Yes, I think that is the box that Kennedy at least is trying to avoid. I think the question eventually becomes, for schools that do not already have a large portion of their class determined by stats, a balancing of what the school defines as its educational mission against whatever harm the Justice’s see in the use of race in the decisions being made. My guess is that in such situations the Court is likely more open to the type of arguments that @lookingforward for example is making, that the school’s particular educational mission simply can’t be served by a completely neutral set of admissions criteria for a large portion of the class. Hard to see the Court not applying at least some type of presumption in favor of the schools on a question like that, know what I mean?
@“Cardinal Fang” As I understand the theory in Fisher, it is that there is no need to look at race in the holistic pool because some significant level of diversity is achieved in a race neutral fashion by the percentage admits. UT responds by saying, yes we get a certain amount of diversity through the percentage admits, but we need more to establish a “critical mass”. To which Roberts asks, “what is a “critical mass”?” And UT says, “that’s a great question!” At which point, Kennedy’s head explodes, and he says “isn’t this why we remanded the case two years ago? So you all could figure out what a “critical mass” is, and why it is important?” And UT says “you were serious about that?”
I don’t that necessarily follows. It could be that URMs admitted under holistic review are mismatched, and that URMs admitted under the 7% rule are woefully mismatched. (Just as an example, imagine that average graduation rate is 84%, and that holistic URMs graduate at 72% and 7% URMs graduate at 65%.)
I guess you could make the argument that the 10% method is not a less discriminatory method of achieving diversity because it is much more likely to result in mismatch, thus harming URMs more than the holistic method.
@Hunt, just to be clear I’m not predicting that the Court would necessarily rule that way, just asserting it is a potential alternative route. Specifically, in regard to your assertion a court mandated imposition of something like the top 10% law on every public college and university in the US is the type of judicial over-reach that I don’t think this court, or any court will want to do. It totally wrecks havoc to any pre-existing admission process and I just can’t see the courts going down that path.
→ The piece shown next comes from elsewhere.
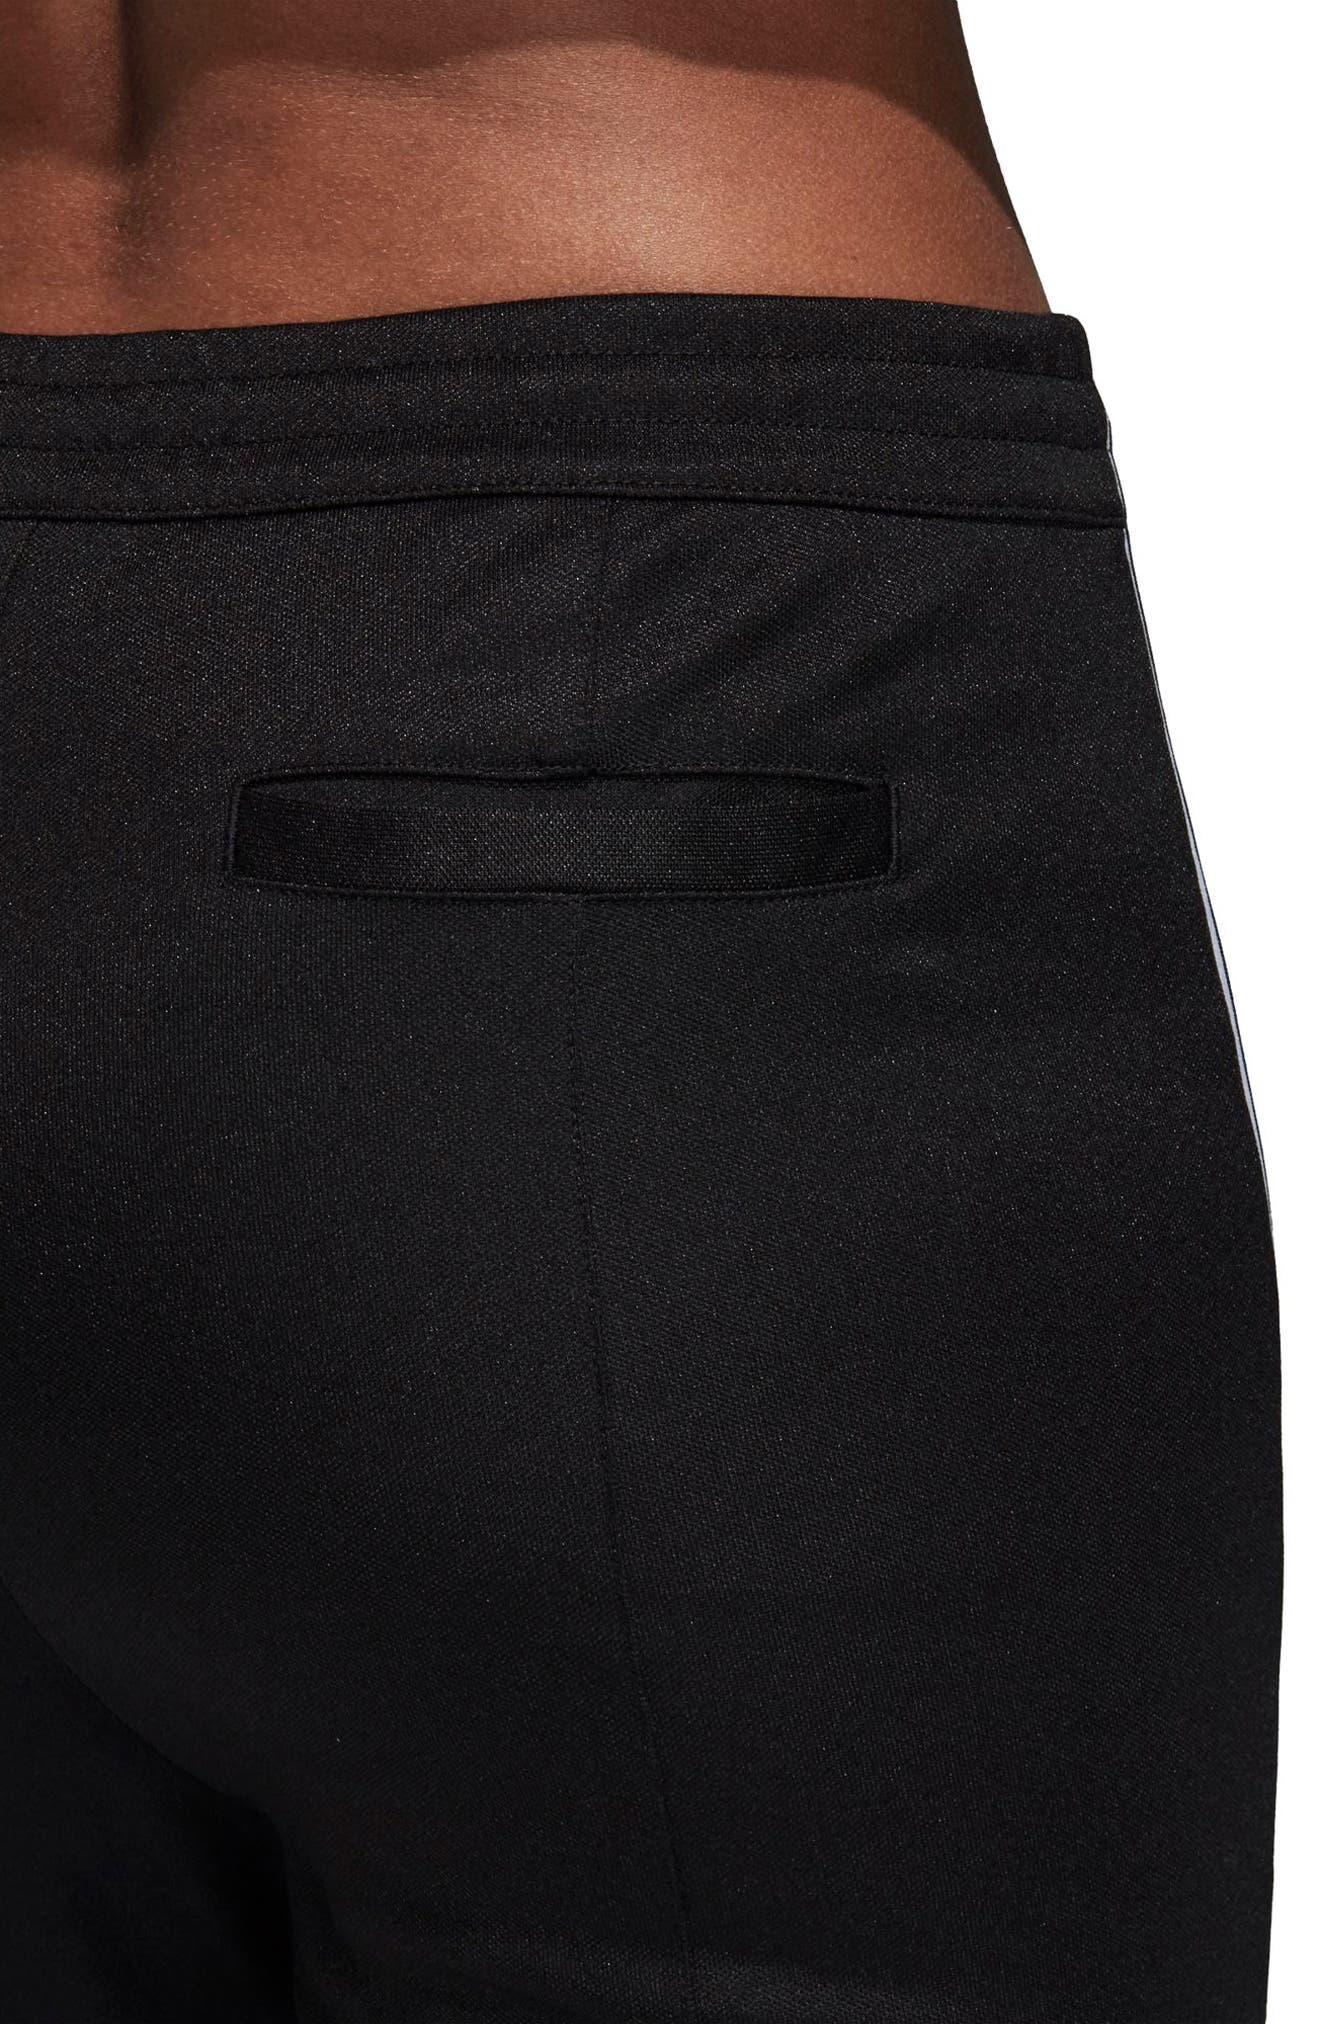 adidas 3 Stripe Track Pants,                             Alternate thumbnail 6, color,                             BLACK

However, where in essence a state body has already created a race-neutral means of achieving diversity, I can see how the Court could rule it is simply deferring to the state legislative process. Such a ruling would essentially be a compromise between the conservatives on the Court who want to strike down UT’s admission practices and the liberals who want to limit the damage to this case alone and save the ultimate battle for another day.
@Ohiodad51 which is why there’s an outside possibility that this case is remanded once again, this time all the way down to the district court to help develop further facts including on the issue of what is a critical mass. Kennedy appeared to be open to that idea in oral argument; however, the conservatives did not seem receptive to it.